During tax season, we are bombarded with financial terms such as credits, offsets, deductions, qualifying dependents, and so on. It’s all too much. So before you dive into the deep end of the tax pool, consider the fundamentals, such as the distinction between a tax return and a tax refund.
The two terms sound very similar and are frequently confused; for example, someone may say that their “tax return” has been deposited in their bank account. However, a tax return and a tax refund are not the same things, and it’s critical to understand the distinction before beginning your taxes.
We’ll go over each term in detail below, as well as how to find out if you’re eligible for a refund this year. Also, keep in mind that the deadline for filing your taxes this year is April 18, 2022. Here’s how to check the status of your refund after you’ve filed your tax return.
Tax Return
A tax return is a form you file with the IRS every year that details your adjusted gross income (AGI), expenses, and other financial information. Most of these details come from your W-2 statement, which your employer provides you with weeks before filing your taxes. But you may also have a 1099 or another form for recording your income.

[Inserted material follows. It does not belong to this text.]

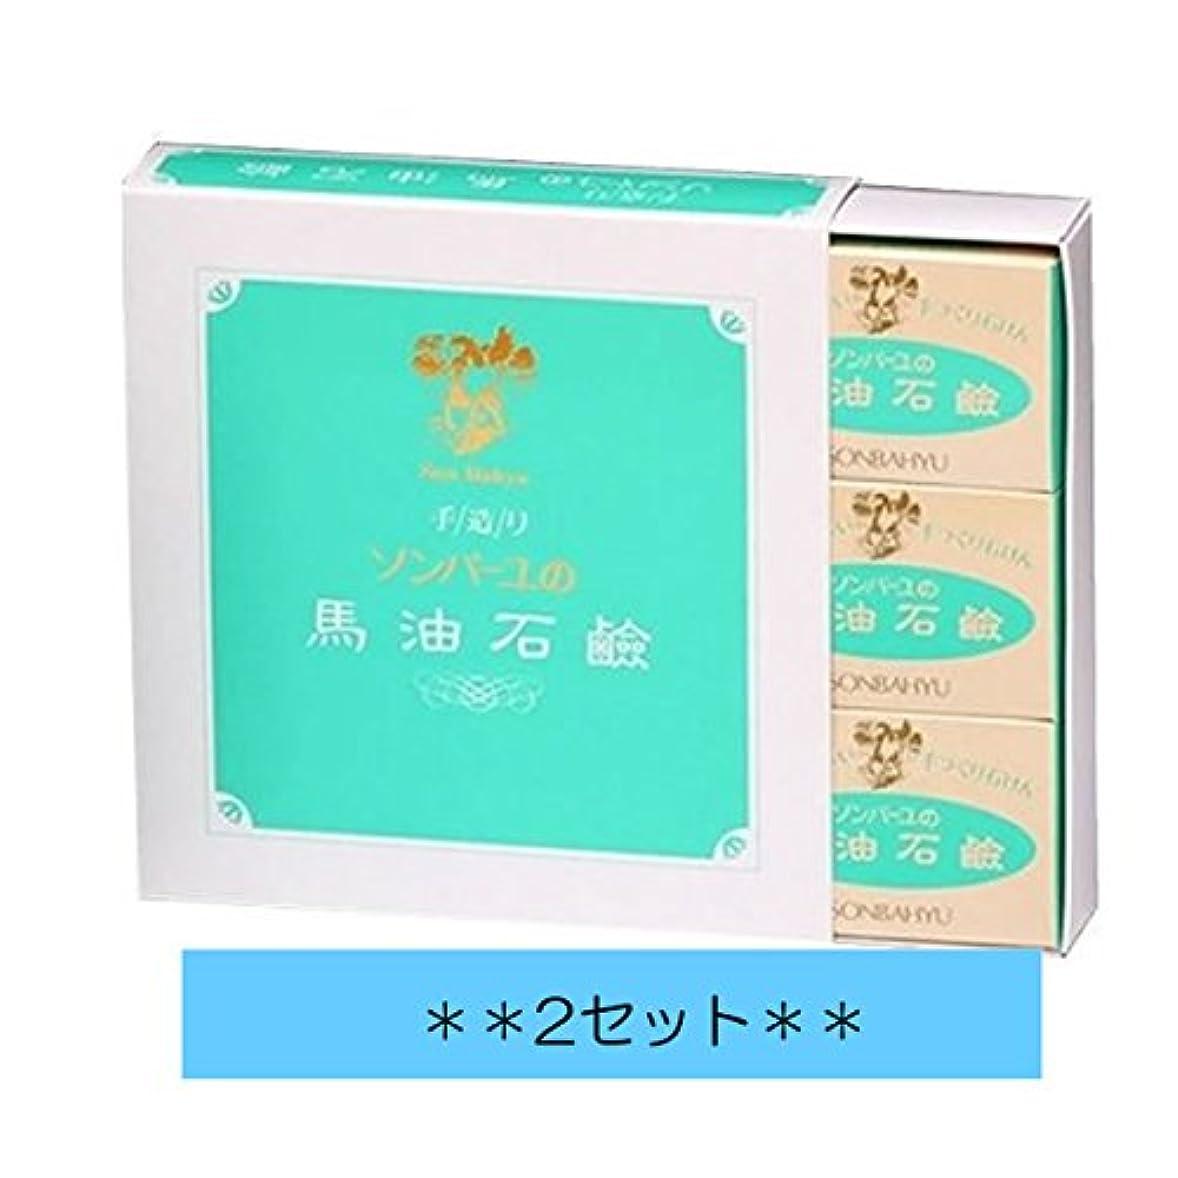 失礼な有能な平野【2箱セット】ソンバーユ石鹸 85g×6個
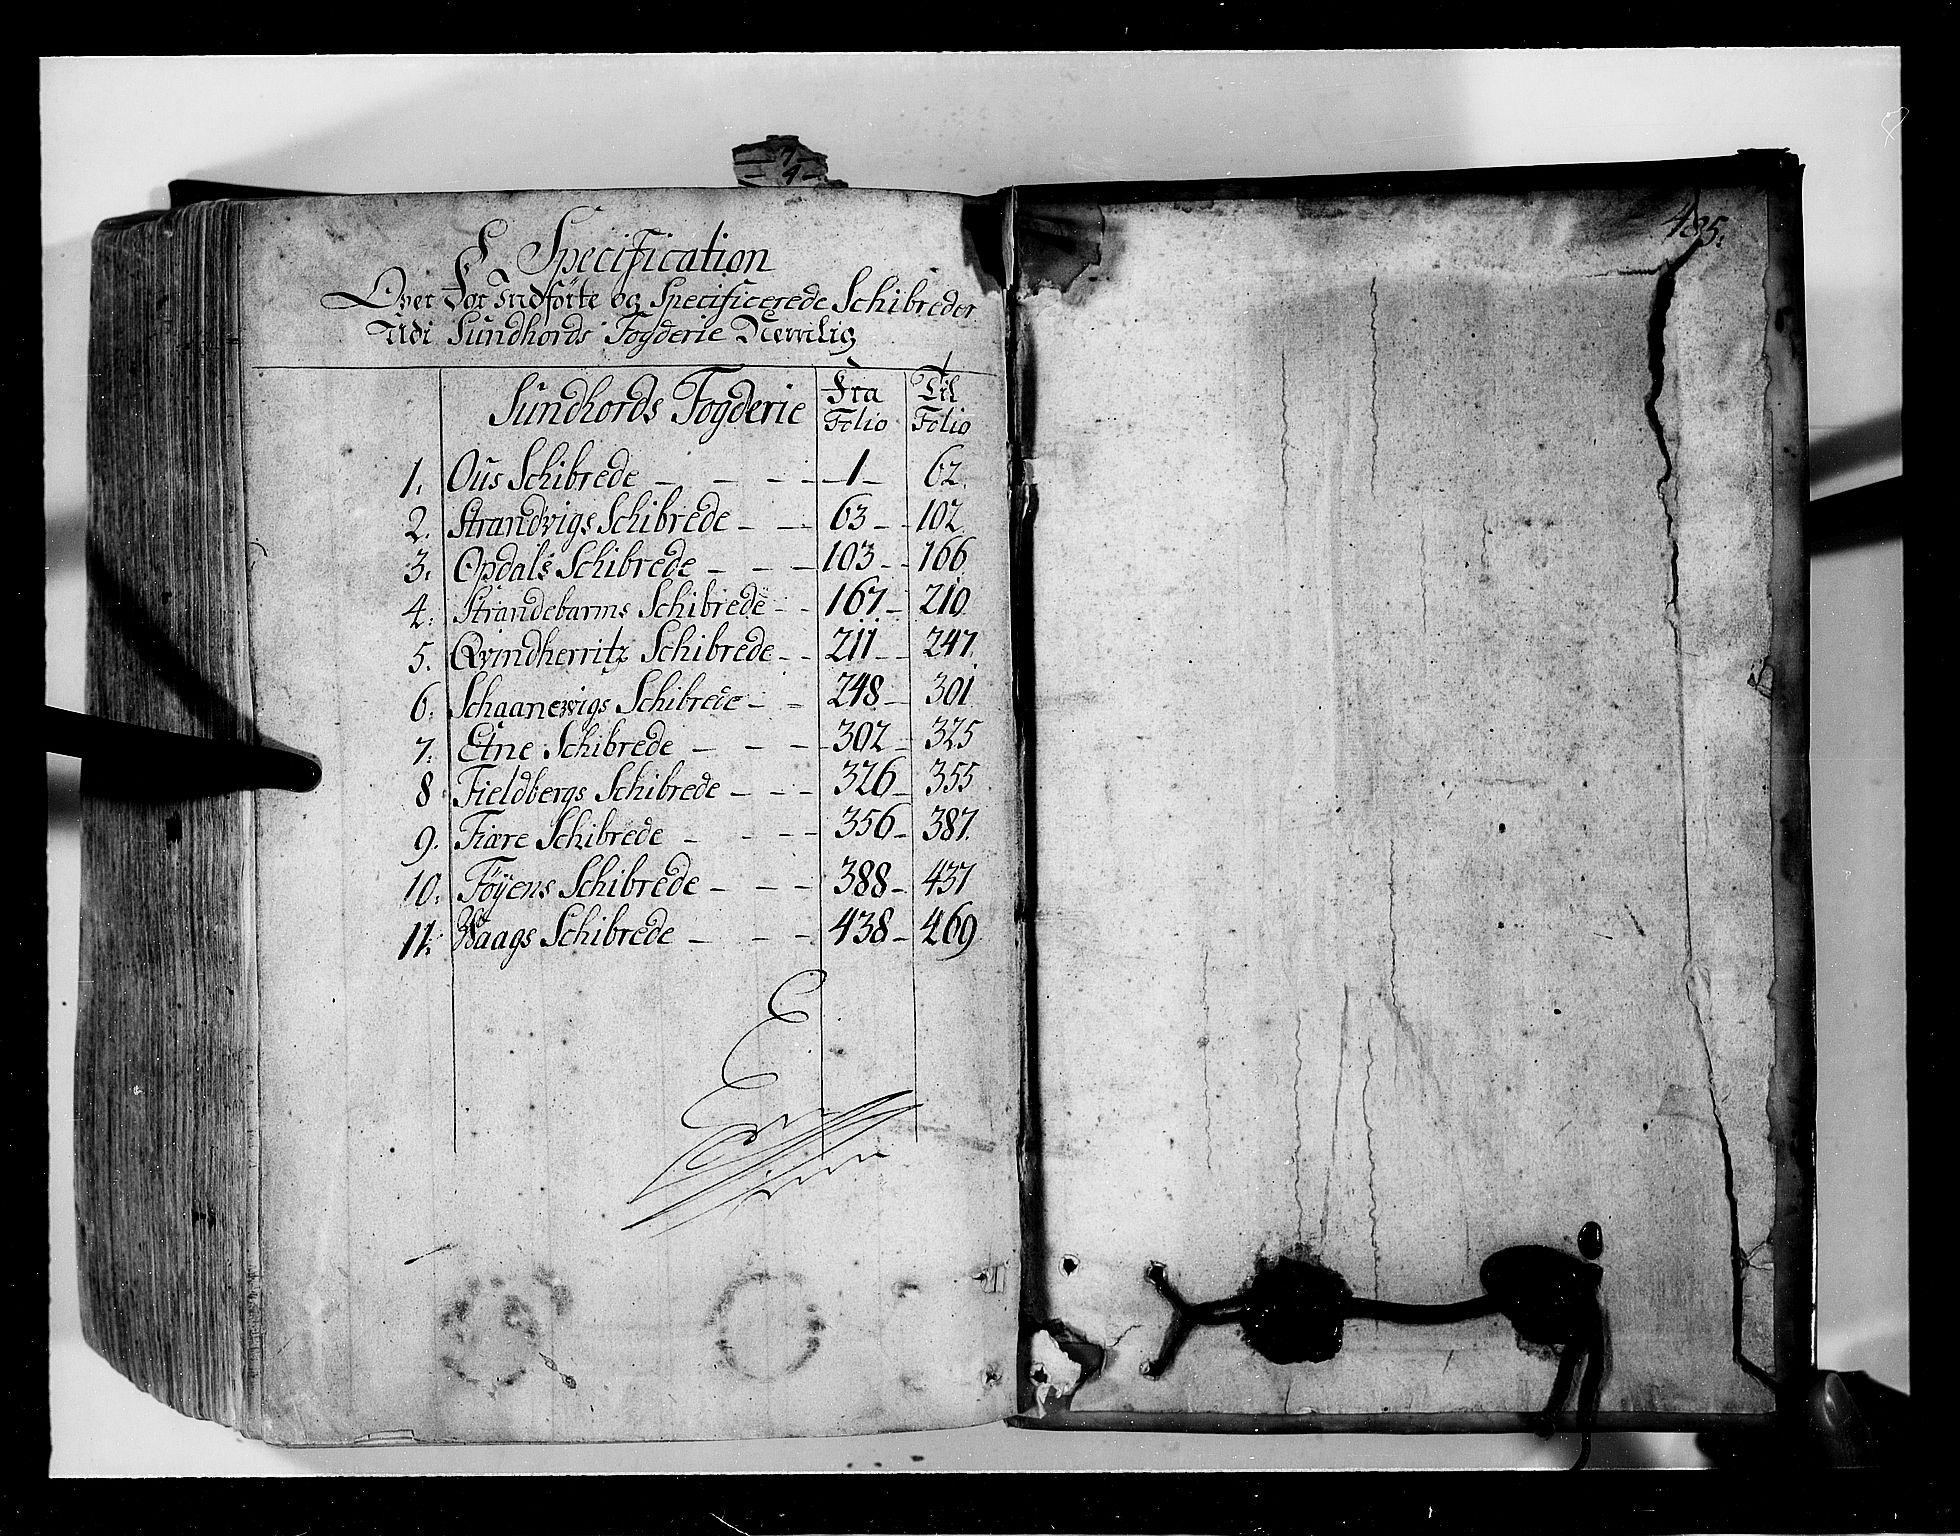 RA, Rentekammeret inntil 1814, Realistisk ordnet avdeling, N/Nb/Nbf/L0134: Sunnhordland eksaminasjonsprotokoll, 1723, s. 484b-485a

According to CNET, your gross income will be reported on your tax return. How much you’ve already paid in taxes, as well as other crucial information you’ll need to file your taxes.
On the other hand, the tax return will balance deductions for your children. As well as how much you paid in student loan interest and health care coverage. It includes Roth IRA contributions, home office expenses, business expenses, charitable donations, and other items.
You must file a tax return in order to receive a refund. However, simply filing a return does not ensure that you will receive a tax refund.
Tax Refund
A tax refund is what the US Treasury gives you if you paid more in state or federal taxes than you needed to the previous year. For example, if your employer withheld more money from your paycheck than was necessary, or if you’re self-employed, you may have overpaid quarterly estimated taxes.
The difference between what you paid and what you owed will be reimbursed or “returned” to you as a lump sum payment by the government; in other words, your tax return. Also, any tax deductions (as discussed above) can increase the amount you can expect to receive, MSN posted.